L’histoire de Saint-Prix a passé les siècles. Sa localisation, son patrimoine, les illustres personnages qui l’ont fréquenté ont tour à tour laissé leur trace dans ce qu’est la ville aujourd’hui.

C’est à l’époque gallo-romaine que la cité connait son premier essor. Les habitations se développent et se pressent autour de la stratégique voie gallo-romaine Jules César qui reliait Lutèce (Paris) à Rotomagus (Rouen).

Le chevalier des Templiers et le Saint guérisseur

Au Moyen-âge, ce bourg gallo-romain s’appelle Tor. Plusieurs établissements religieux et féodalités seigneuriales se partagent alors ses terres, dont la plus illustre : la lignée des Montmorency. Au XIIIème siècle, une commanderie de l’ordre des chevaliers templiers, s’y installe à l’instigation des seigneurs de Rubelles. C’est Jean de Thor, trésorier de l’Ordre des Templiers, qui offrit à sa ville d’origine les reliques de Saint-Prix.

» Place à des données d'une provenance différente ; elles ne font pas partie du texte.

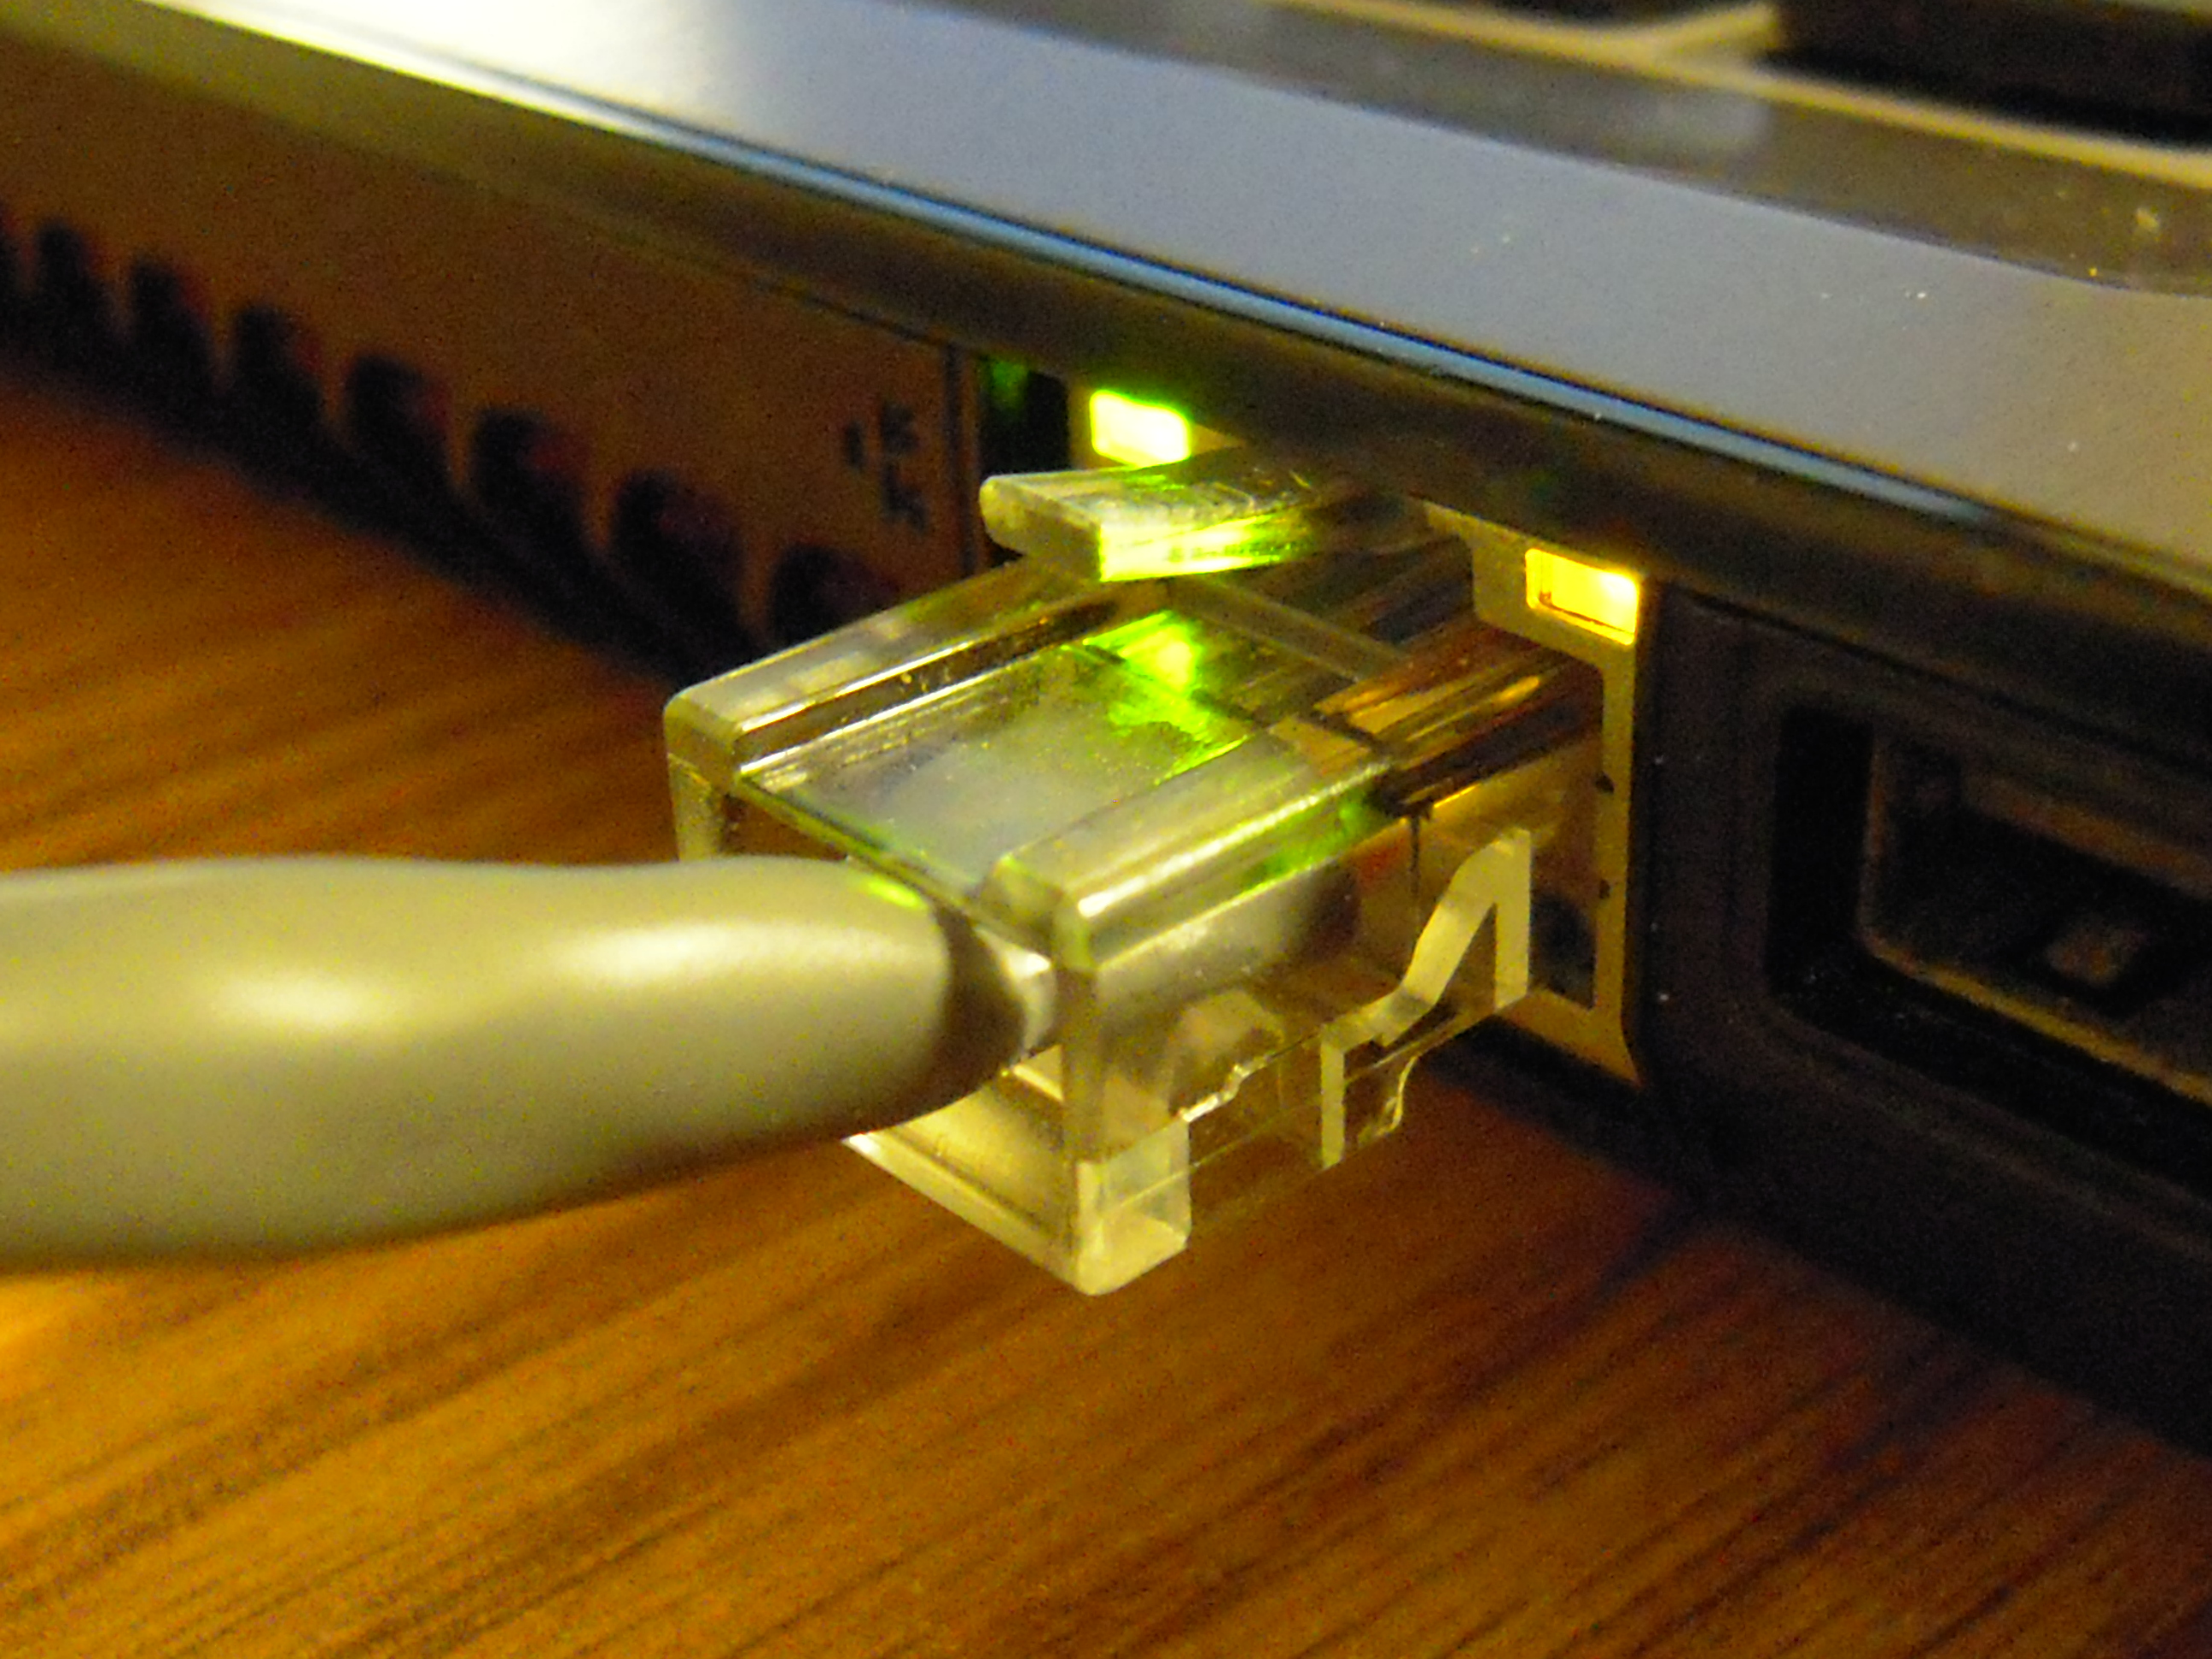 Network cables connected to a computer

Saint guérisseur, célèbre pour soigner les impotents des jambes et des bras, Saint-Prix fut l’objet d’un véritable culte. Chaque année, au mois de juillet, débutait le pèlerinage. Les fidèles et les impotents gravissaient alors la butte de Montmorency, récitant psaumes et prières, pour venir se baigner dans la fontaine.

 

La fontaine aux pèlerins

Cette fontaine aux pèlerins sous le haut patronage de Saint-Prix détermina le changement de nom de notre ville. L’important pèlerinage qui s’y développa durant tout le moyen âge incita les édiles, au XVème siècle, à rebaptiser la ville du nom du saint connu pour soulager les malades. Le village de Thor devint Saint-Prix. Ce bourg médiéval, à la lisière de la forêt de Montmorency, est parfaitement préservé aujourd’hui.

 

La double révolution du train et du phylloxera

Le XIXème siècle fût une double révolution. La première révolution, en 1846, fût l’arrivée du chemin de fer qui transforma la ville en profondeur. La vallée de Montmorency devient alors une zone de villégiature pour les Parisiens et Saint-Prix se couvrit de demeures de plaisance. Les maisons en meulière, typique de cette époque et de notre terroir, se multiplient entre le bourg ancien de Saint-Prix et la gare du Gros noyer.

La seconde révolution fut la crise du phylloxera. Cet insecte ravagea les vignes françaises à la toute fin du XIXème siècle. Saint-Prix, qui fut resté durant des siècles un haut lieu de la production vinicole française vit cette activité disparaître du jour au lendemain.

Notre ville était fin prête à entrer de plain-pied dans le XXème siècle et de venir telle que nous la connaissons aujourd’hui.